I think this question needs some input from filesystem developers who
might be affected by the answer.

My preference is to not add this field.  I think we would eventually
want to remove it again, and it is easier to ensure it doesn't stay
forever if it is never added.
The version without this field isn't (I think) too bad, but maybe it is
bad enough to motivate fs developers to create a better solution in each
individual case.

If some filesystem developer says they don't like that sort of social
engineering, or objects for any other reason, I will bow to the superior
stake they hold.

NeilBrown
Jeff Layton April 24, 2017, 11:50 a.m. UTC | #7
On Mon, 2017-04-24 at 08:38 +1000, NeilBrown wrote:
> On Fri, Apr 21 2017, Jeff Layton wrote:
> 
> > On Tue, 2017-04-18 at 08:56 +1000, NeilBrown wrote:
> > > On Wed, Apr 12 2017, Jeff Layton wrote:
> > > 
> > > > On Thu, 2017-04-13 at 08:14 +1000, NeilBrown wrote:
> > > > > 
> > > > > I suspect that the filemap_check_wb_error() will need to be moved
> > > > > into some parent of the current call site, which is essentially what you
> > > > > suggest below.  It would be nice if we could do that first, rather than
> > > > > having the current rather odd code.  But maybe this way is an easier
> > > > > transition.  It isn't obviously wrong, it just isn't obviously right
> > > > > either.
> > > > > 
> > > > 
> > > > Yeah. It's just such a daunting task to have to change so much of the
> > > > existing code. I'm looking for ways to make this simpler.
> > > > 
> > > > I think it probably is reasonable for filemap_write_and_wait* to just
> > > > sample it as early as possible in those functions. filemap_fdatawait is
> > > > the real questionable one, as you may have already had some writebacks
> > > > complete with errors.
> > > > 
> > > > In any case, my thinking was that the old code is not obviously correct
> > > > either, so while this shortens the "error capture window" on these
> > > > calls, it seems like a reasonable place to start improving things.
> > > 
> > > I agree.  It wouldn't hurt to add a note to this effect in the patch
> > > comment so that people understand that the code isn't seen to be
> > > "correct" but only "no worse" with clear direction on what sort of
> > > improvement might be appropriate.
> > > 
> > 
> > I've got a cleaned-up set that is getting close to ready for
> > reposting. Before I do though, I think there is another option here
> > that's worth discussing.
> > 
> > We could store a second wb_err_t (aka errseq_t in the new set) in the
> > mapping that would would basically act as a "cursor" for these cases.
> > filemap_check_errors would need to do something like 
> > filemap_report_wb_error, but it would swap the value into the mapping's
> > cursor instead of dealing with the one in struct file.
> > 
> > I don't really like adding yet another field here, but the struct
> > address_space definition has this:
> > 
> >     __attribute__((aligned(sizeof(long))));
> > 
> > Adding the wb_err field means that we end up growing the struct by 8
> > bytes on x86_64 anyway.
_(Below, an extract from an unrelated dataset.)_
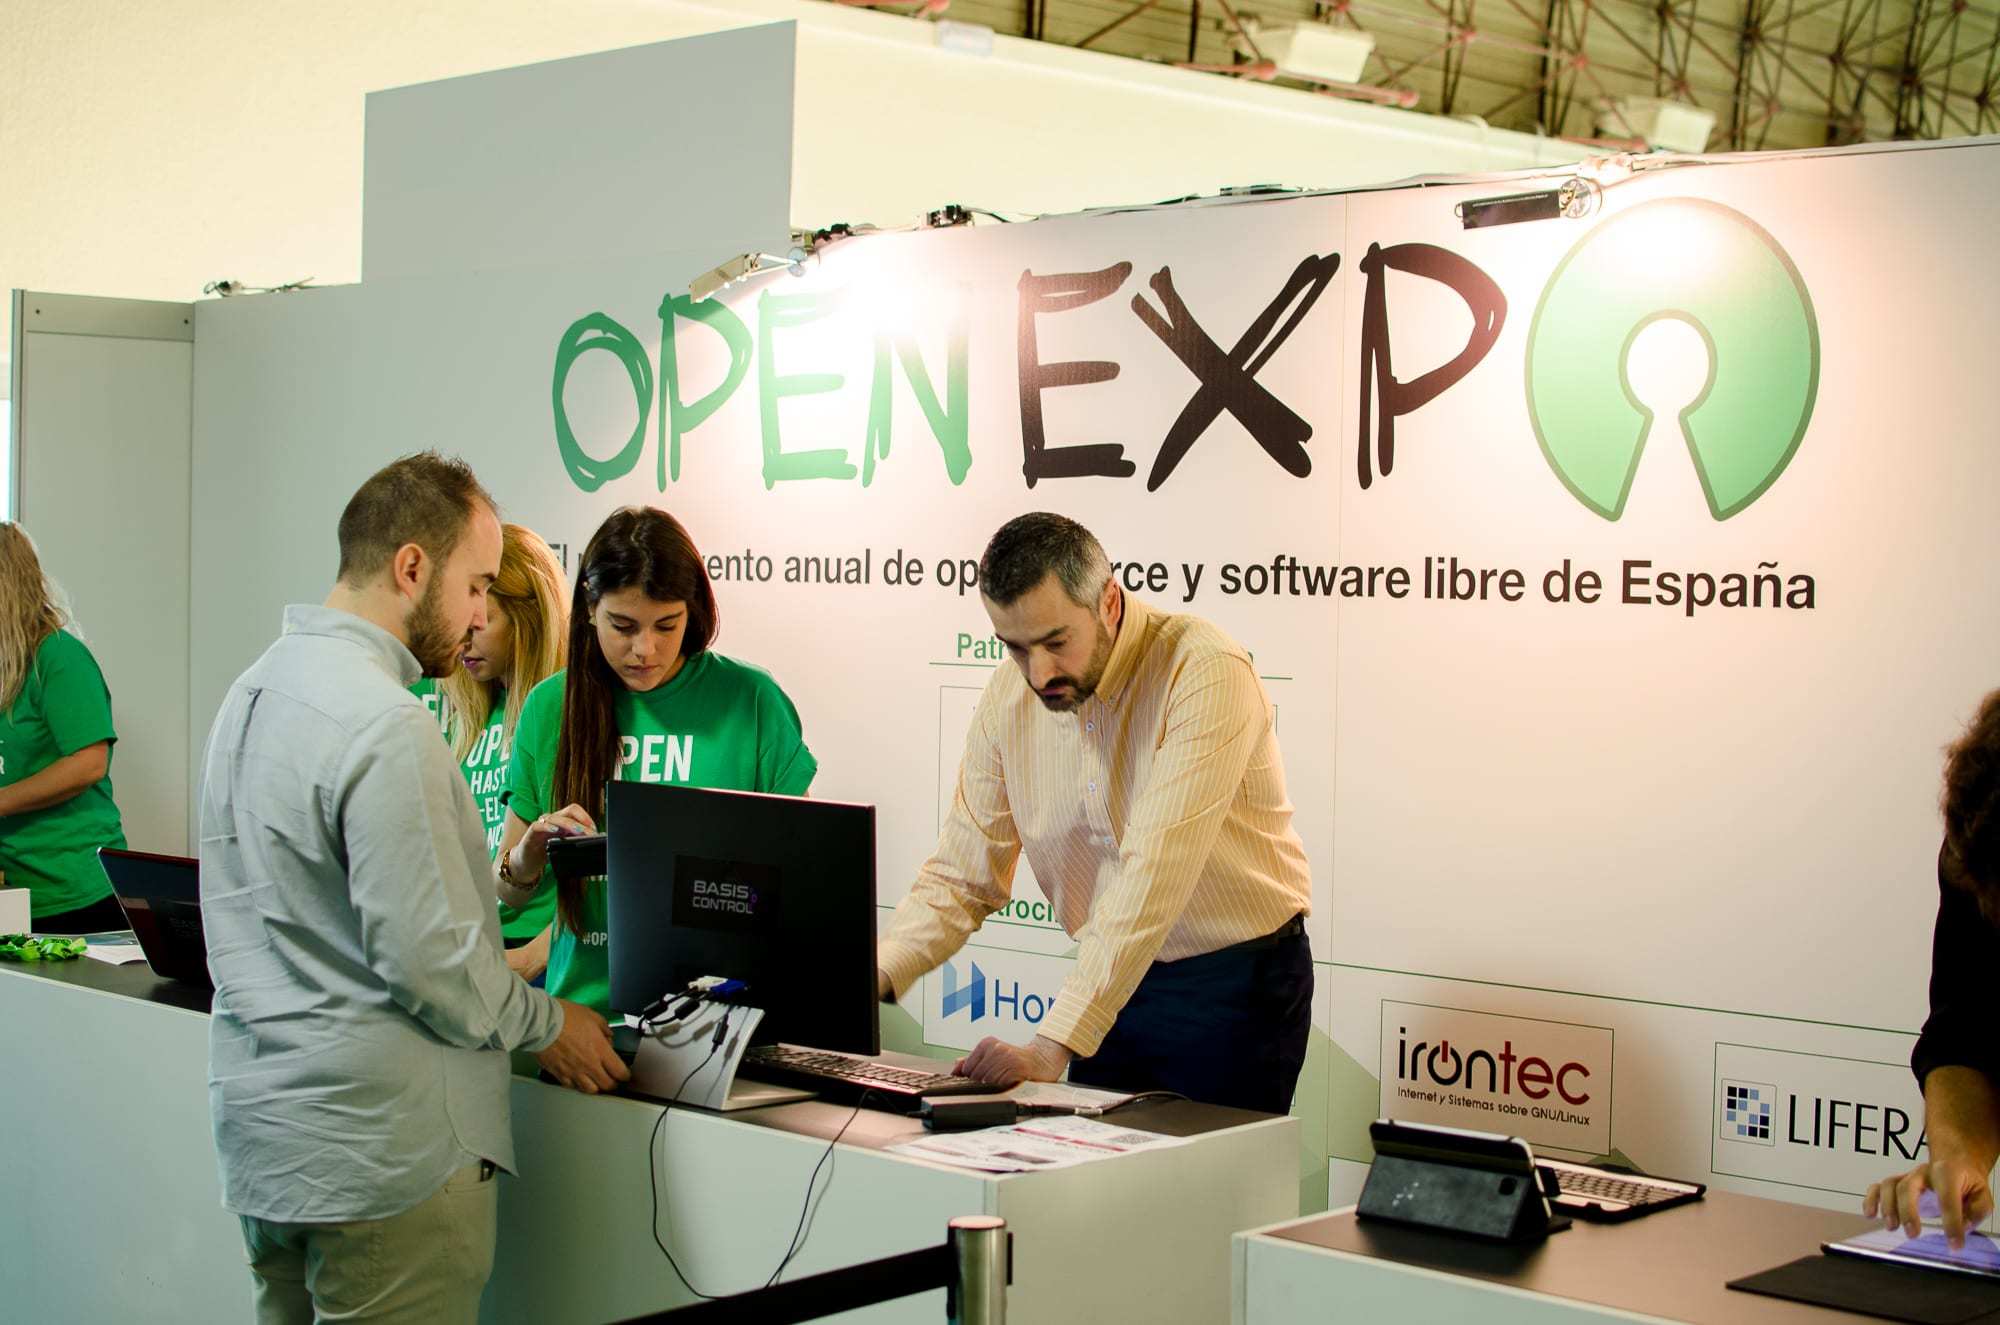 openexpo 2016

Adding another 4 bytes would just consume the
> > pad, so it wouldn't cost anything there. YMMV on other arches of
> > course.
> > 
> > That's also not perfectly like what we have with AS_EIO/AS_ENOSPC
> > flags, but is probably close enough not to matter.
> > 
> > So...this would let us limp along for even longer with the model of
> > reporting since last check. I'm not sure that's a good thing though. A
> > long term goal here is to have kernel code that's dealing with
> > writeback be more deliberate about the point from which it's checking
> > errors, and this doesn't help promote that.
> 
> I think this question needs some input from filesystem developers who
> might be affected by the answer.
> 
> My preference is to not add this field.  I think we would eventually
> want to remove it again, and it is easier to ensure it doesn't stay
> forever if it is never added.
> The version without this field isn't (I think) too bad, but maybe it is
> bad enough to motivate fs developers to create a better solution in each
> individual case.
> 
> If some filesystem developer says they don't like that sort of social
> engineering, or objects for any other reason, I will bow to the superior
> stake they hold.
> 
> 

That's pretty much my view too. I just figured I needed to throw the
option out there in the interest of full disclosure.

I think keeping a per-mapping cursor like this does make sense in some
situations though. For instance, there does seem to be quite a bit of
local fs journaling code that goes through the pagecache. For those, I
could see keeping the cursor in some sort of per-journal structure, and
doing a check-and-advance against that in appropriate places.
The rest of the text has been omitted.